_Records from a dataset_.
____________

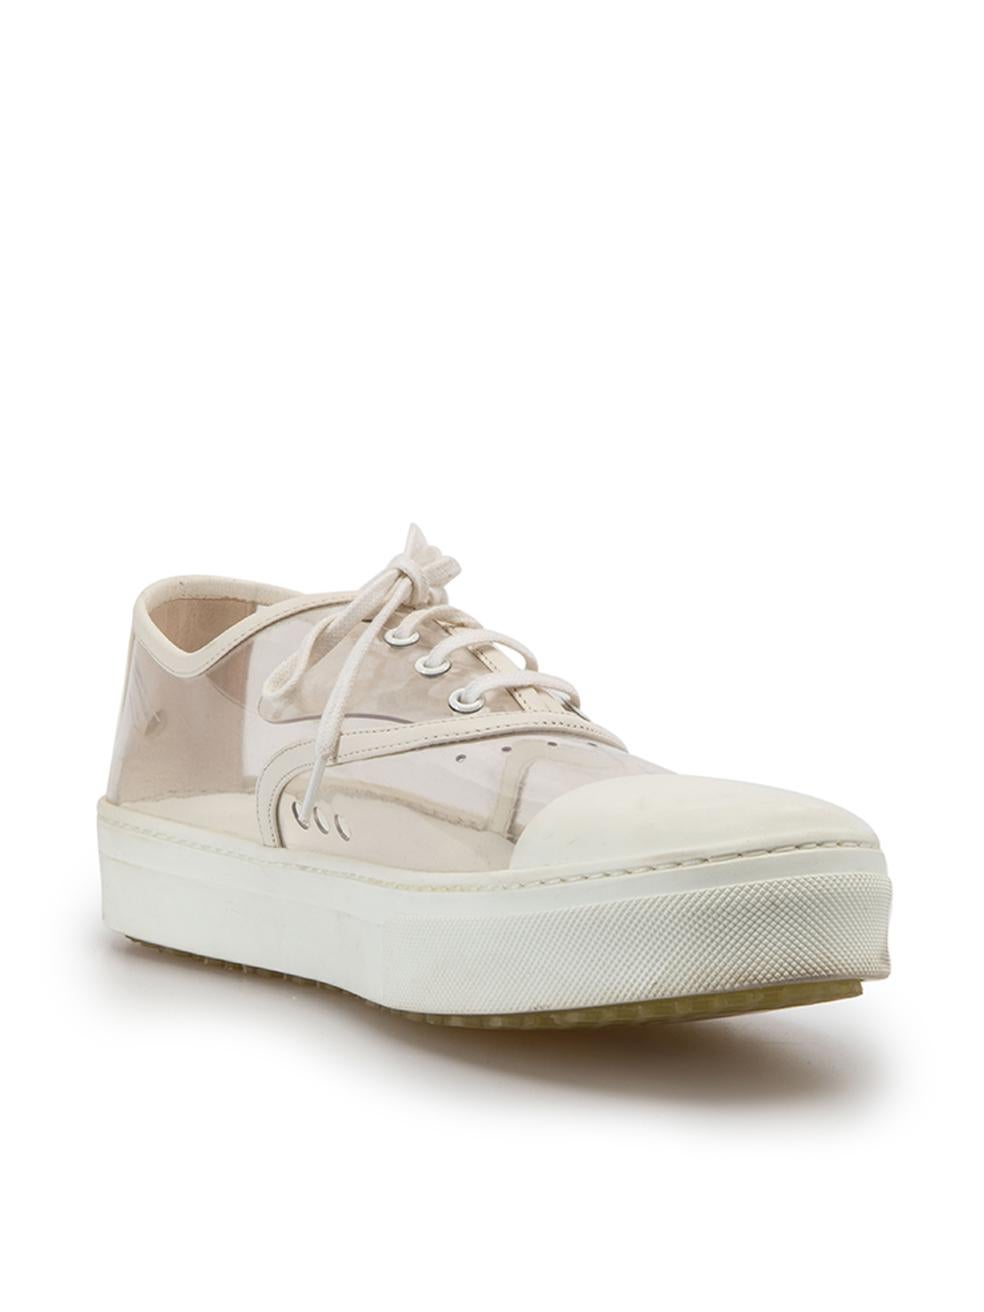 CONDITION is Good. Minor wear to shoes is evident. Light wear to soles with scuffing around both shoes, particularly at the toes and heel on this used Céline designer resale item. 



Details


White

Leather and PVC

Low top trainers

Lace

____________

_EXERCISE REQUIREMENTS_. Starting with the top line, write out all the data above exactly; keep the pictures out.

_ANSWER BOX_.
 CONDITION is Good. Minor wear to shoes is evident. Light wear to soles with scuffing around both shoes, particularly at the toes and heel on this used Céline designer resale item. 



Details


White

Leather and PVC

Low top trainers

Lace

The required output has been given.